Why not samurai? Have one slice off every hanging chin, and the gut of every male in his 4th trimester. We could weigh what he trimmed, see if could off a full ton.
And the horrific arms on the women. Stephen King couldn't do them justice. They might have been stuffed with cottage cheese. When the arms moved the result was a grotesque kind of time lapse movie. When a woman moved her arm, the fat on it took a fraction of a second to catch up.
200 people were at my class reunion. I wondered what the over under was, on the number of people that could run a mile without dropping dead. Pity the paramedics that had to lift them onto the gurney.
To me, the most amazing thing about America today is that people aren't even embarrassed about being fat anymore. I remember that distant ancient time when fat people at least tried to be discrete and cover themselves up a bit. Not today in the land of the land walrus. Today the fat let it all hang out, wearing spandex and tank tops and miniskirts, inviting everyone to butter the muffin top as it were. Where in the freaking hell did people's sense of dignity run off to?

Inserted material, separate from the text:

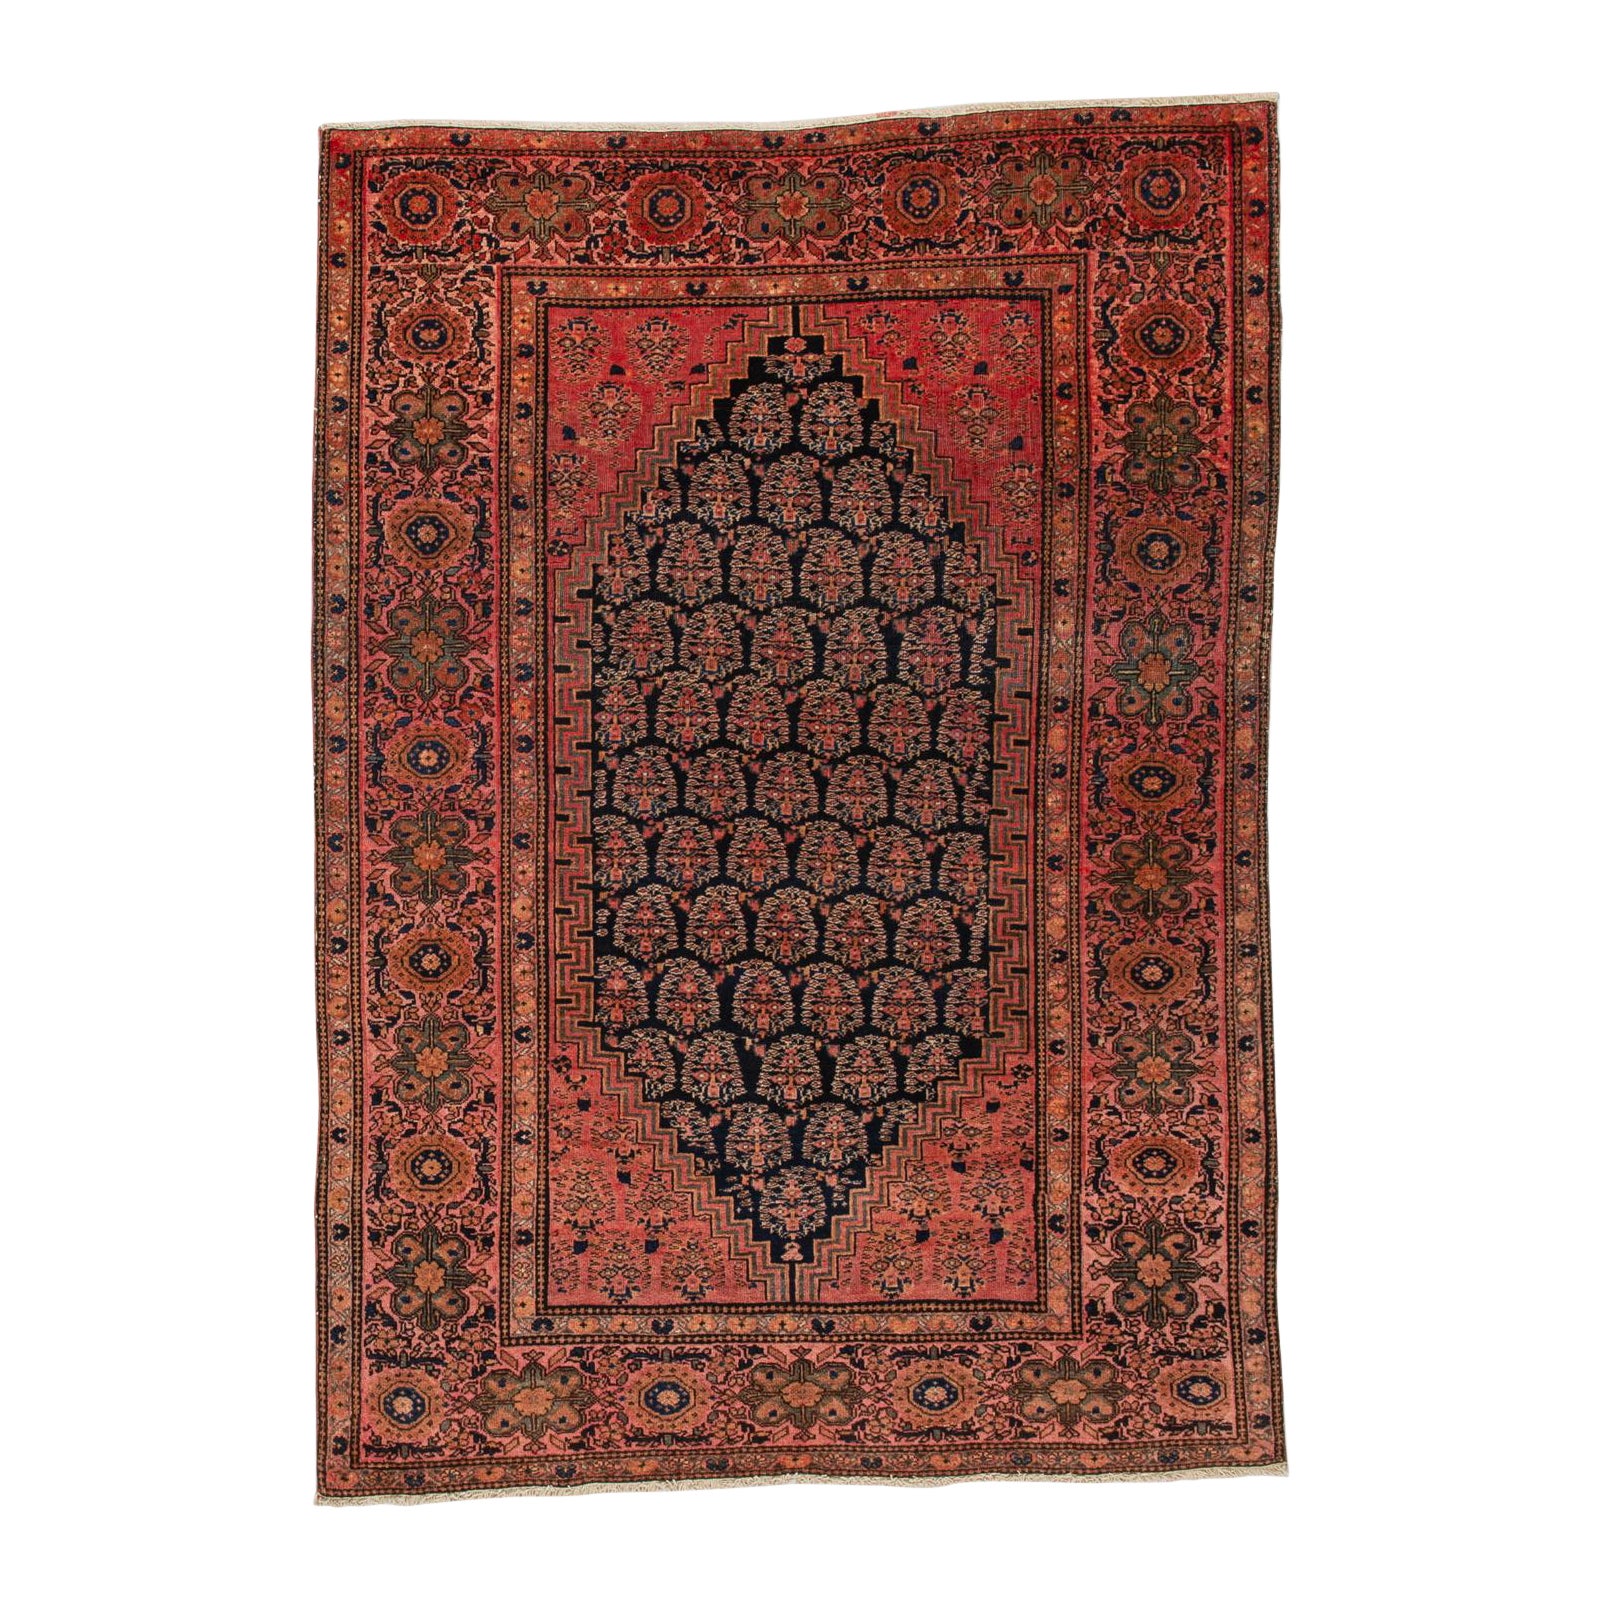 Seltener orientalischer Teppich aus Zentralasien
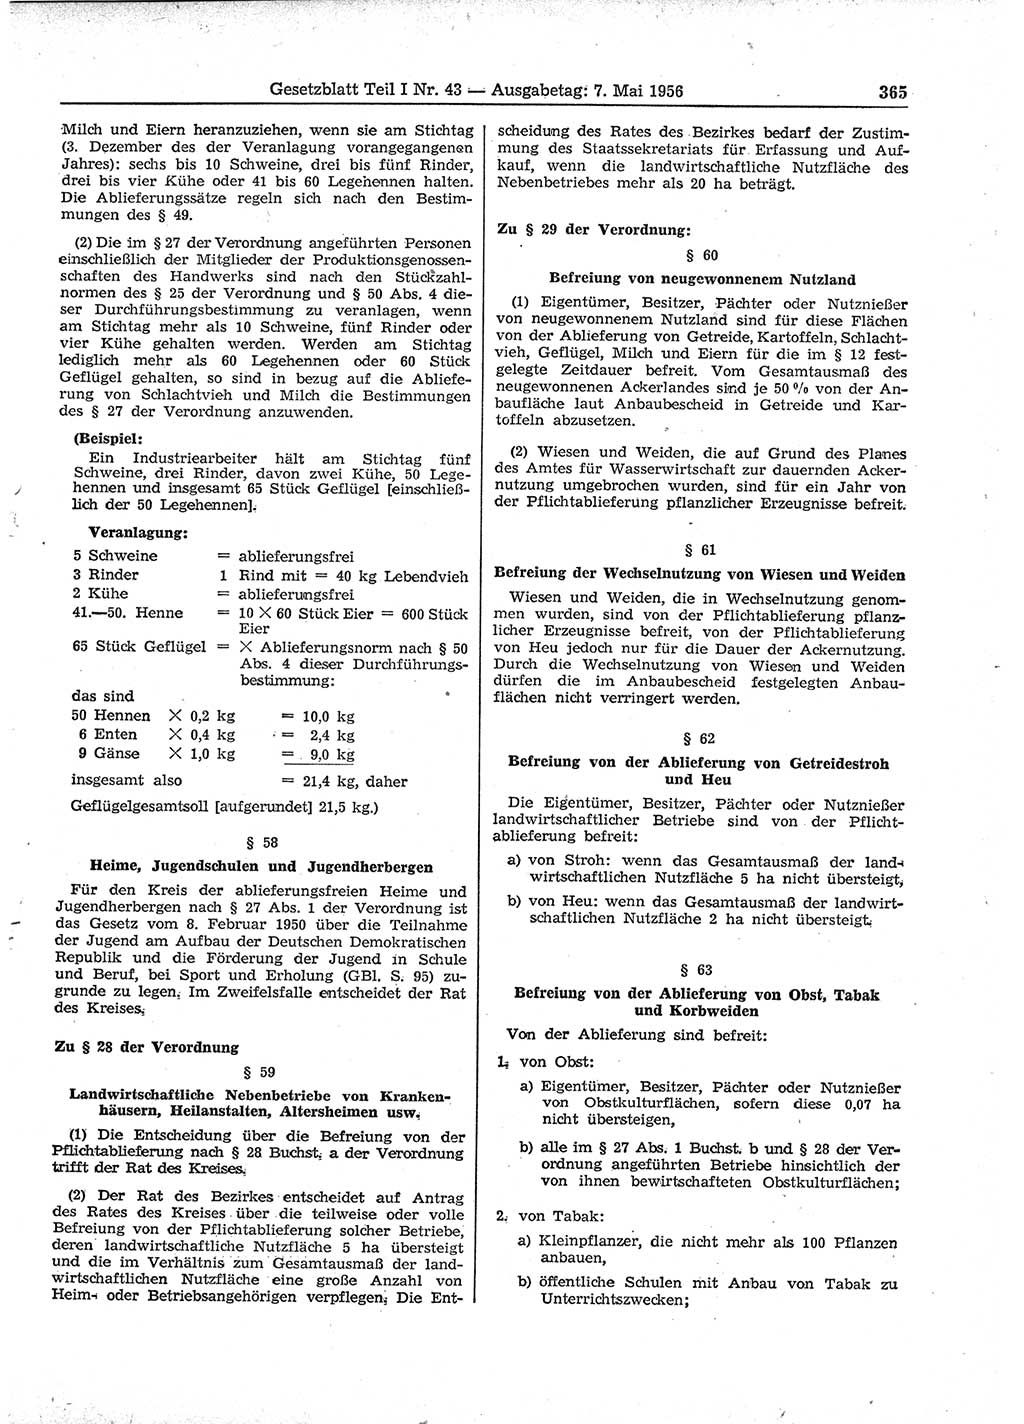 Gesetzblatt (GBl.) der Deutschen Demokratischen Republik (DDR) Teil Ⅰ 1956, Seite 365 (GBl. DDR Ⅰ 1956, S. 365)

Grosse Pointe Blank is one of my favorite movies. In it, Joan Cusack says that she went to a high school reunion and it was as if everyone had swelled. If my classmates had only swelled I'd count myself lucky. At my reunion, it seemed like everyone had shoved a helium hose up their asses. Seeing how my classmates looked in the future truly made me question if the country I used to love has a future.